By DARREN MILLER
GENEVA, Ohio — When he touched sand after a sixth and final attempt in the men’s long jump Thursday, University of Iowa junior James Carter sparked a celebration inside SPIRE Institute that seemingly lasted 25 minutes, 1.25 seconds.
Carter’s clutch career-best effort of 25-feet, 1 1/4-inches (7.65 meters) not only sent him to the top of the Big Ten Conference long jump podium, but it set off an extended reaction of yells, hugs and high fives among Hawkeye coaches and student-athletes. Carter picked a perfect time to ignite a flurry of madness. While the men were wrapping up the first of three days of competition at the Big Ten Indoor Track and Field Championships, the women were trickling into the venue to warm up for their opening session.
Before his final attempt, all eyes were on Carter, who placed fifth in the long jump at the 2020 Big Ten Indoor Championships. He flew higher this time.
“It felt better than I imagined,” Carter said. “It was a great feeling, especially being swarmed by my teammates. I was doing it for myself, but I was also doing it for them. To know I made them proud and I made my family proud is a great feeling.”
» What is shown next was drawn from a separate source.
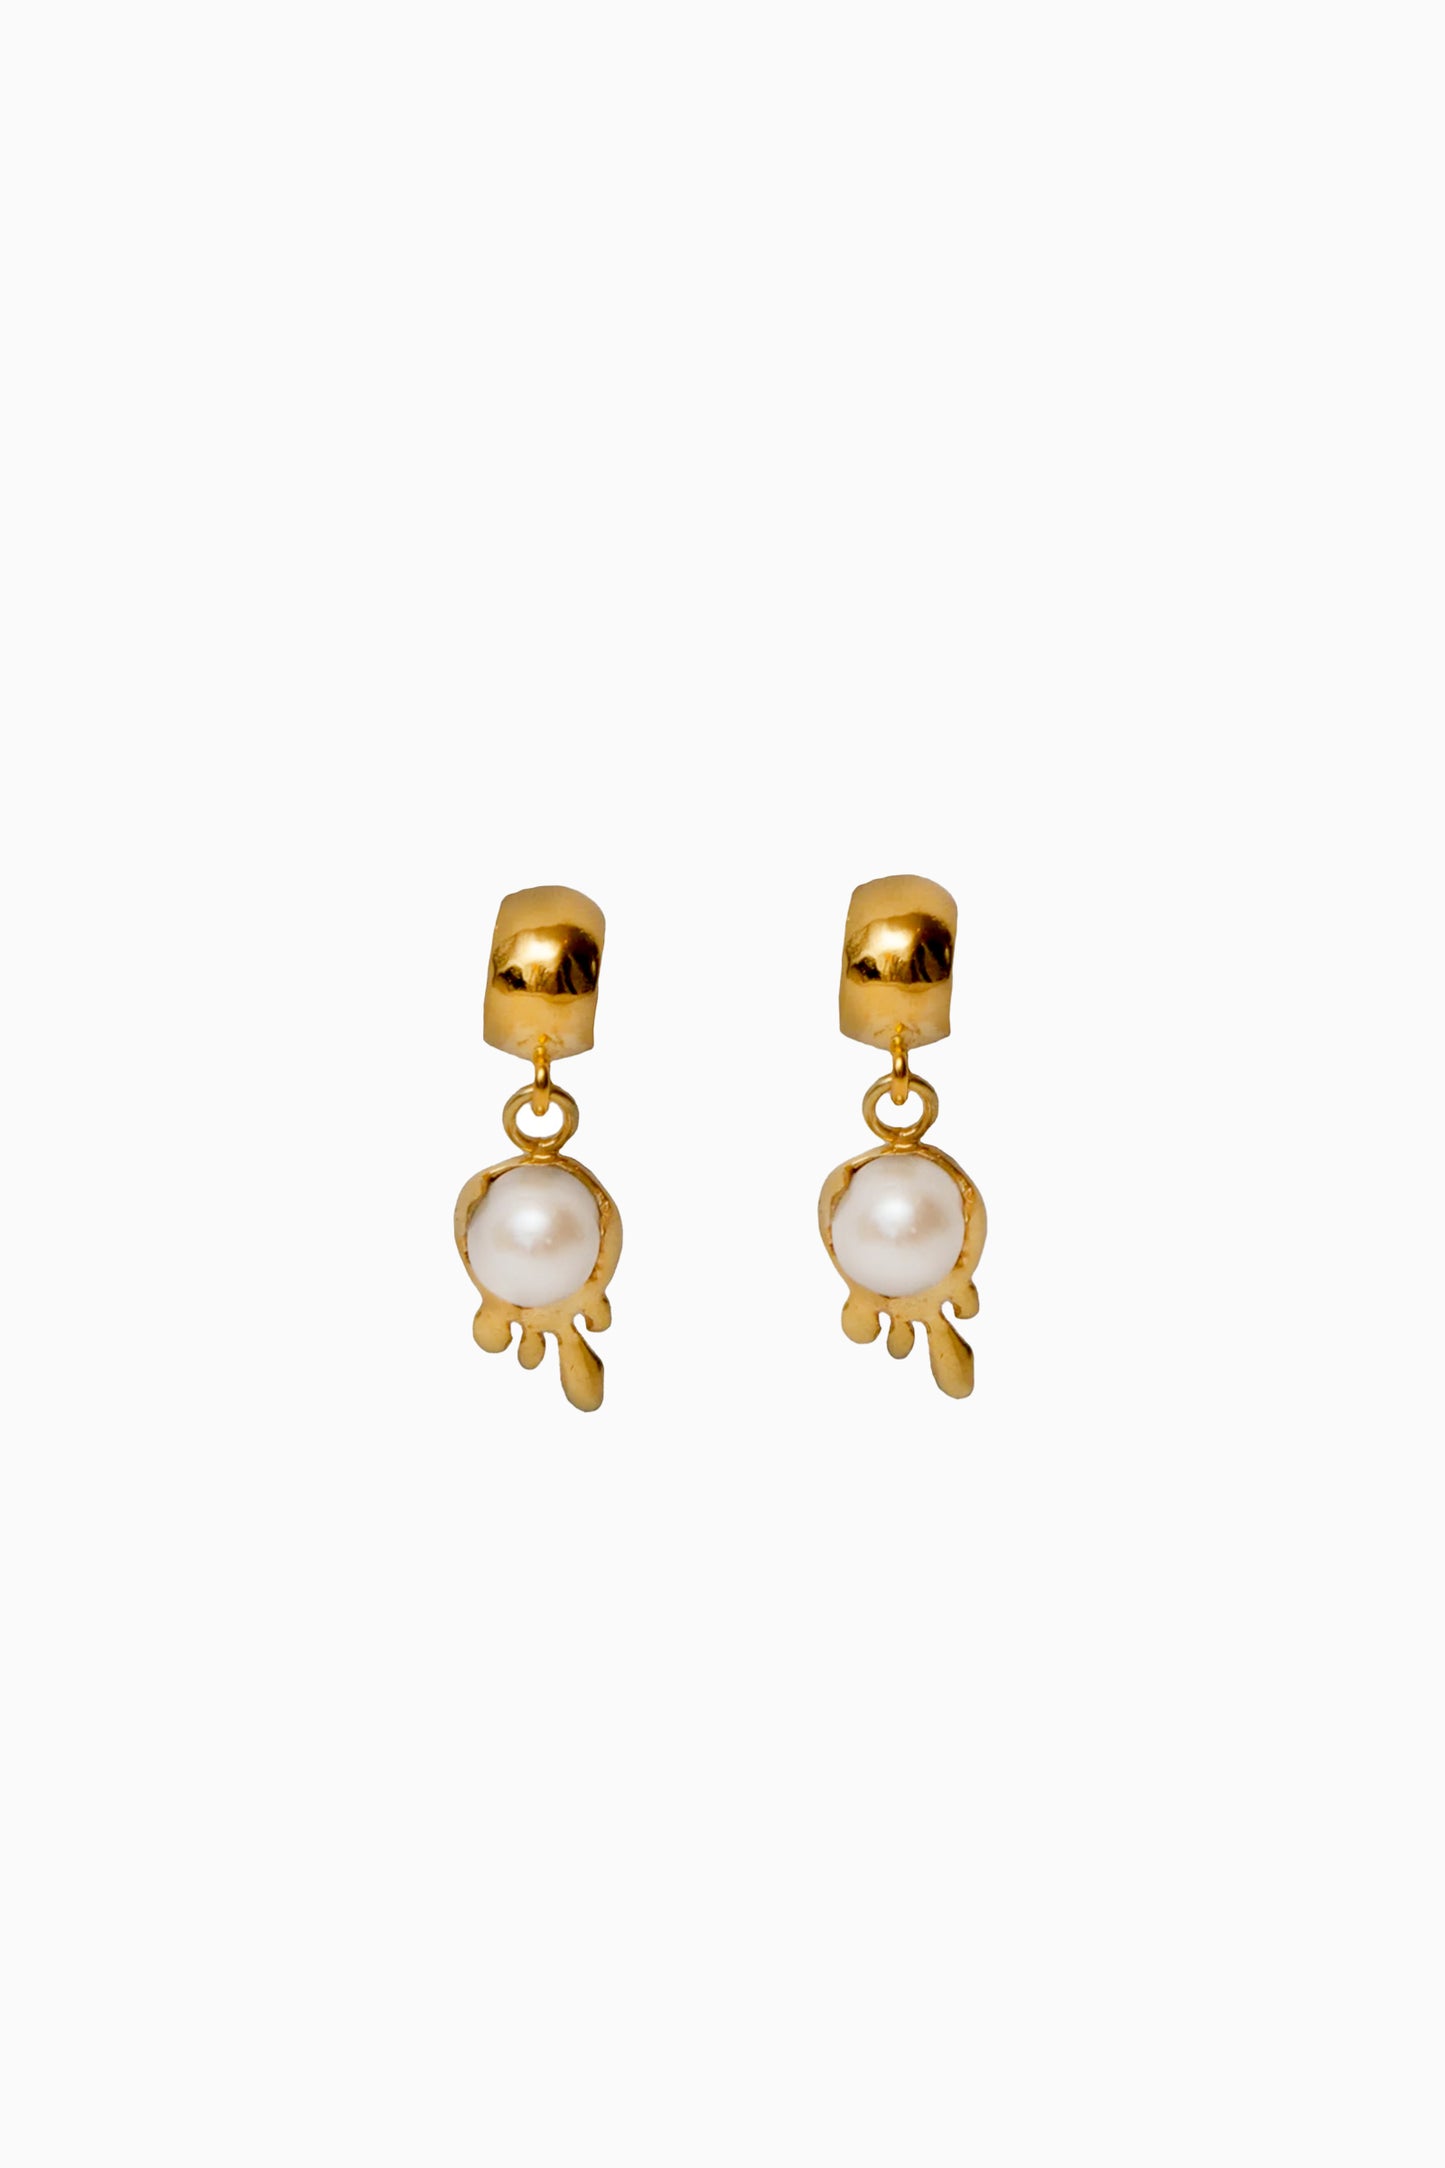 Drippy Earrings Large (Pair) - Gold

Carter, a native of Oak Creek, Wisconsin, entered the weekend with a long jump best of 24-7, set last January when he was third at a competition in Kentucky. His top mark this season was the 22-11 ¼ from two weeks ago at the Hawkeye B1G Invitational in the University of Iowa Recreation Building. Among the 21 other competitors in Thursday’s long jump competition, Carter’s seed mark ranked 16th. In other words, a long, long sand pit from scoring points, let alone earning a medal.
“We came here with a plan to dominate in that event. We executed.”James Carter
Twice this season Carter was quarantined because of the coronavirus. During an indoor season with its share of downs, he kept his focus and finished on top.
Iowa assistant coach Clive Roberts expected Carter to earn gold. Roberts, who coaches Hawkeye sprinters and horizontal jumpers, saw Carter building toward the conference championship.
“From a training standpoint, we knew he had it in him,” Roberts said. “James is a big-time competitor, so it was expected.”
Jumping fourth in the first flight, Carter fouled on his first attempt. He then advanced to the final with back-to-back leaps of 24-2 ½ and 24-3. Those quality efforts, although not personal bests, were enough to put Carter momentarily ahead of the field. He opened finals with a foul, and after four jumps, Carter slipped to third in the standings behind Clarence Foote-Tall of Ohio State and teammate Jamal Britt. Carter’s fifth jump was 23-5 ¼, but Foote-Tall extended his lead with a jump of 24-8 ½, and teammate Deandre Stapleton landed 24-3 ¾ to bump him into fourth.
“It’s the last jump, I have to make it count,” Carter said. “I know I wasn’t winning, and I came here with a goal to win. My teammates jumped well, and I wanted to back that up.”
The performance by Carter was a highlight for a Hawkeye group that included five of the top nine long jumpers in the Big Ten. Britt finished with a bronze medal (24-5 ¾), Stapleton was fourth (24-3 ¾), Kaleba Jack was seventh (23-7 ½) and Austin West made the final and finished ninth (23-2 ¾). West passed on half his jumps to preserve his legs since he was simultaneously in a heated competition in the heptathlon.
“We came here and knew we used our wild card in the long jump,” Roberts said. “Only 39 points can be scored and to be able to score 23 of those makes a big difference. You want to put doubt in everyone in the conference; when it comes to the horizontal jumps, the points are going to the University of Iowa.”
The quartet of Carter, Britt, Stapleton and Jack secured four of the top seven positions — and points are at a premium as Iowa pursues its first outright indoor track and field team championships since 1929. The Hawkeyes shared the championship with Michigan in 1963 and were runners-up a year ago by 13 ½ points to Indiana. They know how valuable points are in a meet of this magnitude. They are so important, that when you find a way to uncover a few extra — like Iowa did in the long jump — it sets off a celebration.